Continuous variables were expressed as mean difference (MD) and standardized deviation (SD), and the relationship of categorical variables in two groups were expressed as odds ratios (ORs) and 95% confidence intervals (95%CIs). All the variables were pooled up for a pooling up analysis using the random-effects model and DerSimonian-Laird method. When P < 0.1, the results was considered statistically significant. The chi-squared test and the I2 value were used to evaluate the statistical heterogeneity[21,22]. When the I² < 30%, the statistical heterogeneity was considered non-important. When the I² = 30%-60%, the statistical heterogeneity was considered moderate. When the I² > 60%, the statistical heterogeneity was considered substantial. The funnel plot was used to evaluate the publication bias. STATA SE V16.0 software was used for data analysis.

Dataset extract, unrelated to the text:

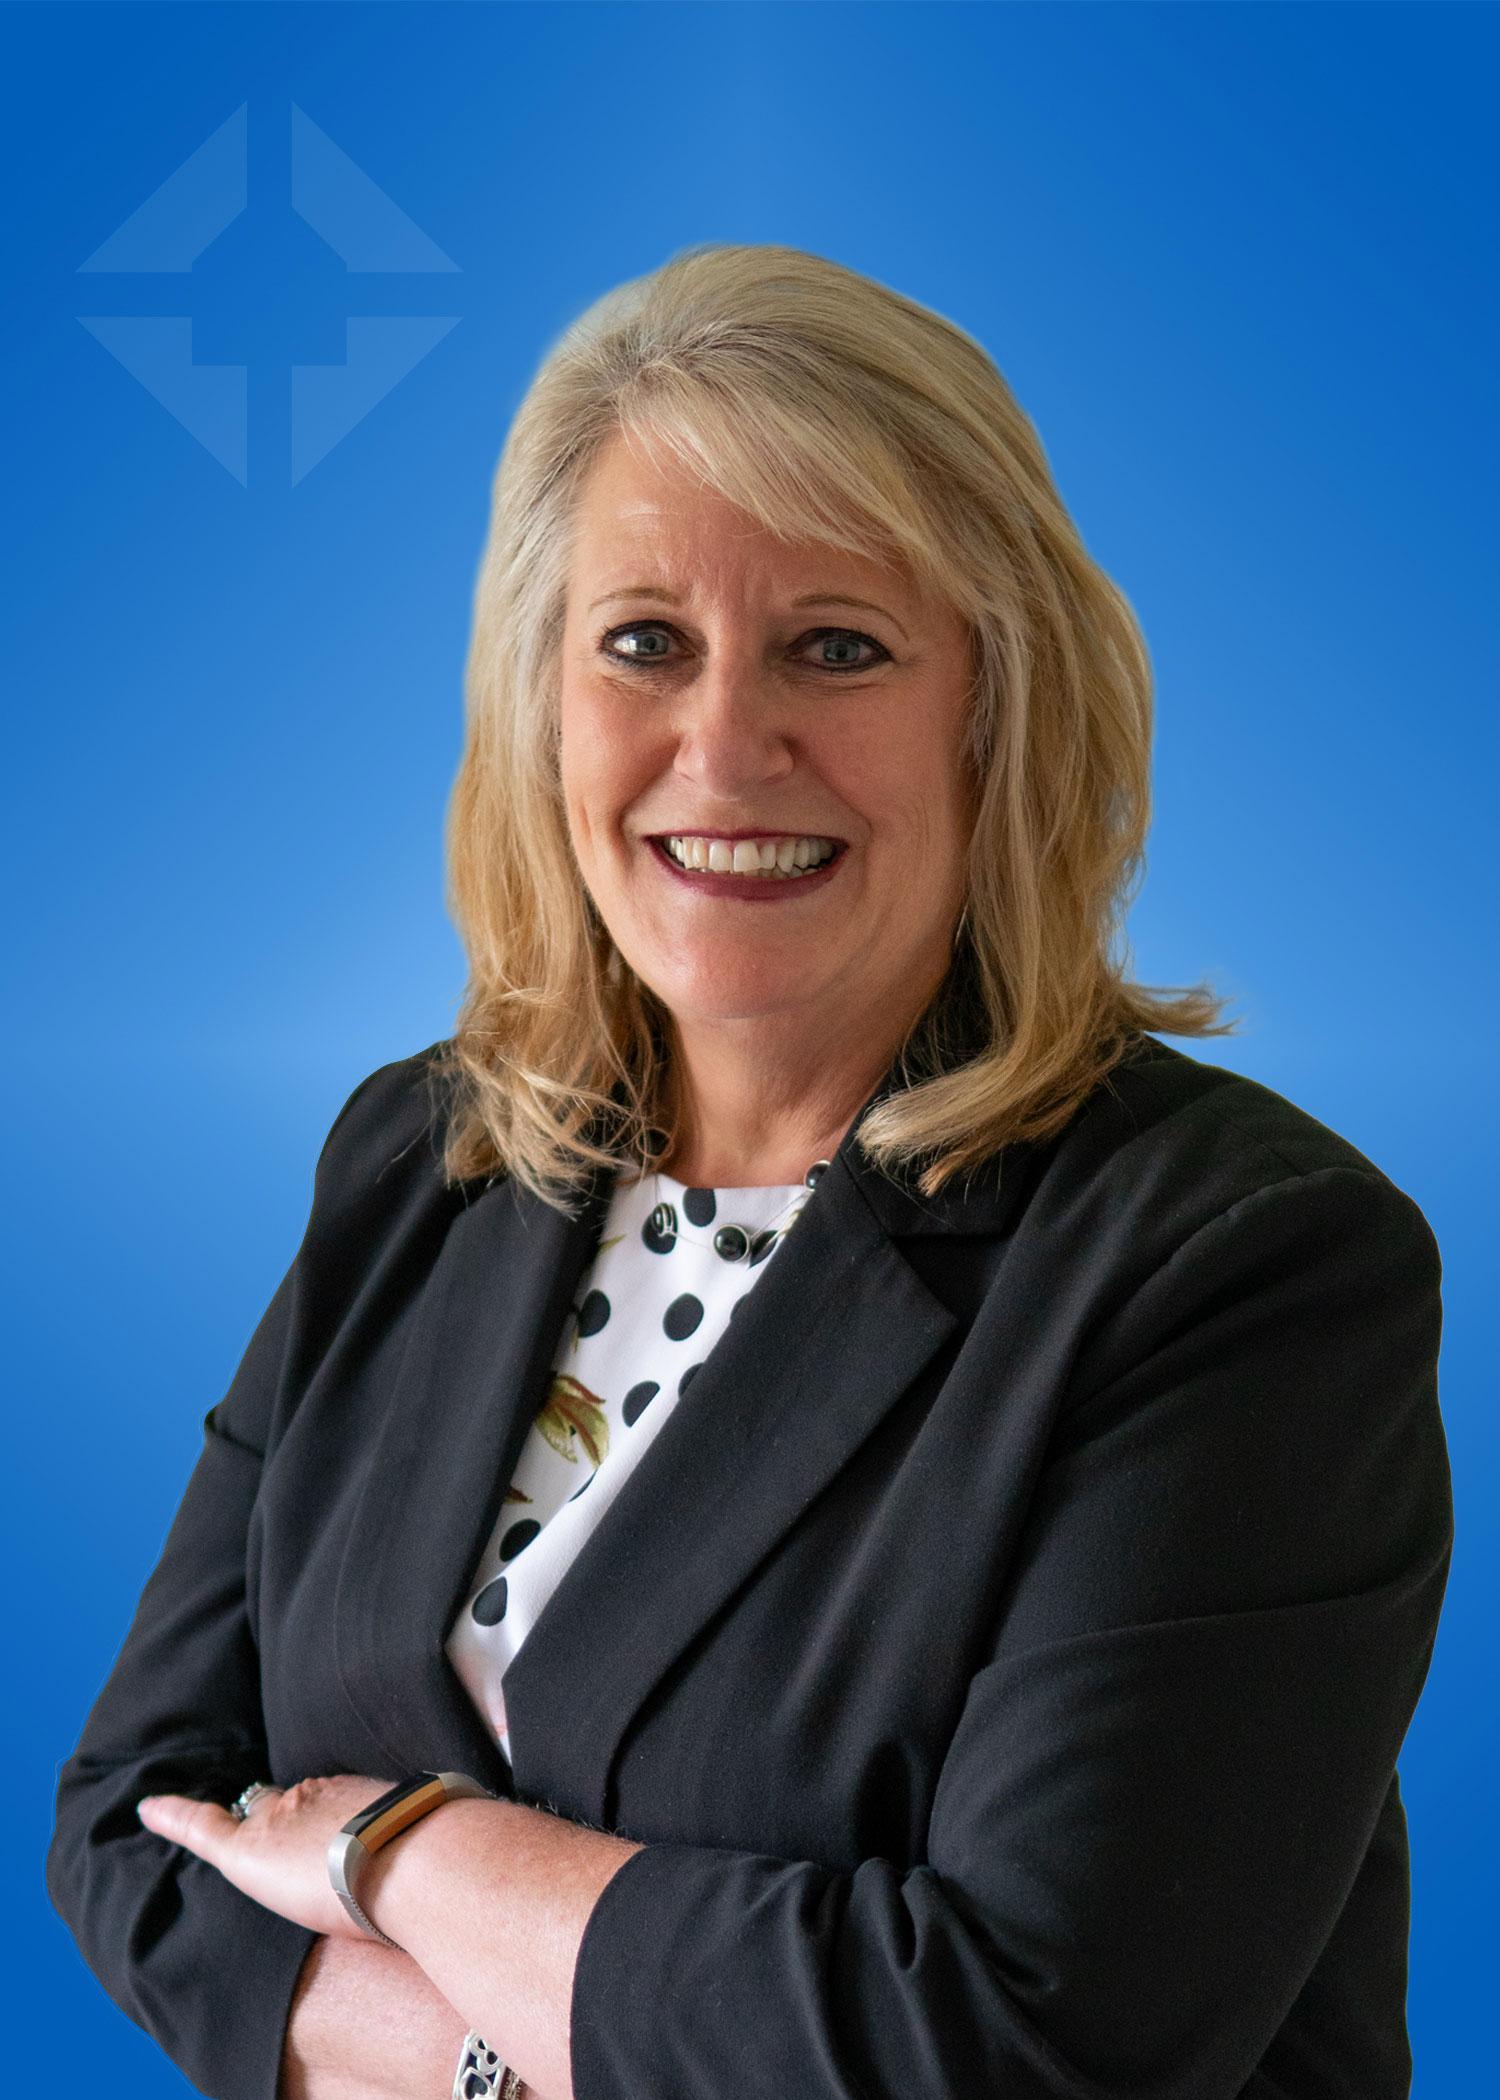 SACFCU's New President - Patty Sarne

There were 871 studies after conducting the search strategy in four databases (223 studies in PubMed, 527 studies in EMBASE, 78 studies in the Cochrane Library, and 43 studies in Ovid). Duplicate records and records in ineligible study type were removed by Endnote software, and the left 63 records were ready for screening. Excluded for seven studies without unavailable full-text, 56 studies were carefully selected by two authors according to the inclusion and exclusion criteria. Finally, this current analysis enrolled ten studies (Figure 1).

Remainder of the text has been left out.